One day a neighbour offered her some of his, leading her to an isolated corner of his field and then raping her. “He was very strong,” she says. “He put a hand around my throat and the other over my mouth.” He did not seem to care that she was visibly pregnant. Léocadie is here for her six-month check-up, and has found out that she is not HIV-positive. That is one stroke of luck in her life. She was not so lucky after her first visit to the clinic: she remained for a week so that her pregnancy could be monitored (there is space for several women to stay overnight), and when she returned to her village she discovered her husband had left her because of the rape, taking their three-year-old daughter with him. Léocadie has seen her daughter just twice since then, and says she and her husband are “divorced,” though possibly not in the legal sense.

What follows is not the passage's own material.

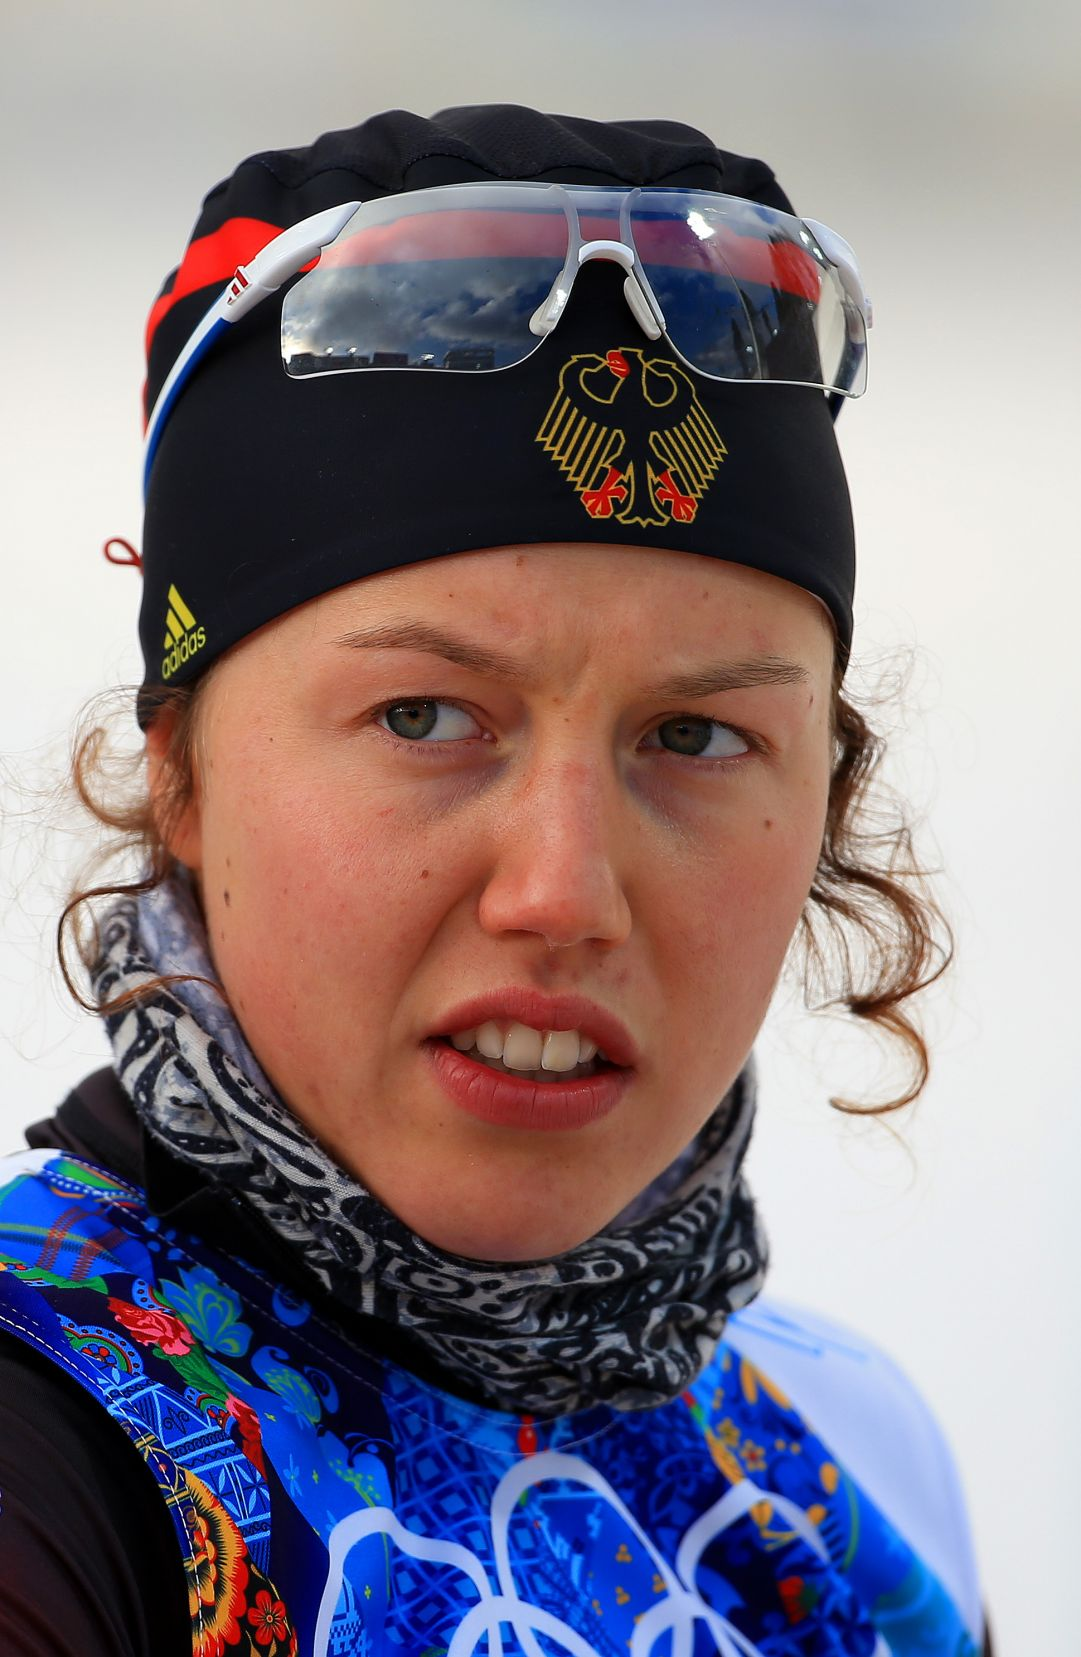 Laura Dahlmeyer

She has also moved from the village after neighbours were mean to her, and now lives among Christian neighbours who she says are much kinder. She used to run into her attacker’s wife, and would say hello but little more. They never discussed what happened. The man has run off; that violent moment in the corn field has broken up two marriages and deprived a daughter of her mother. Throughout the interviews, I ask women why the men did it. They give concrete answers: Satan made him; he was badly brought up; his father also raped women and he inherited the urge; he is a madman; he wanted a wife. None said anything about how badly women fare generally in Burundi, or the male domination that keeps them so downtrodden.
They are fatalistic, which may explain why Christianity is so popular here, with its promise of a better life after death. None of the women’s answers really gets to the heart of the question: why do men do this to women? This is not a question limited to Burundi, or third-world countries. Men rape two-year-old girls in Britain too, and no one knows why. Though I may be disgusted and upset by what I hear from Burundian women, it is not the response of the righteous, but rather the wary nod of recognition.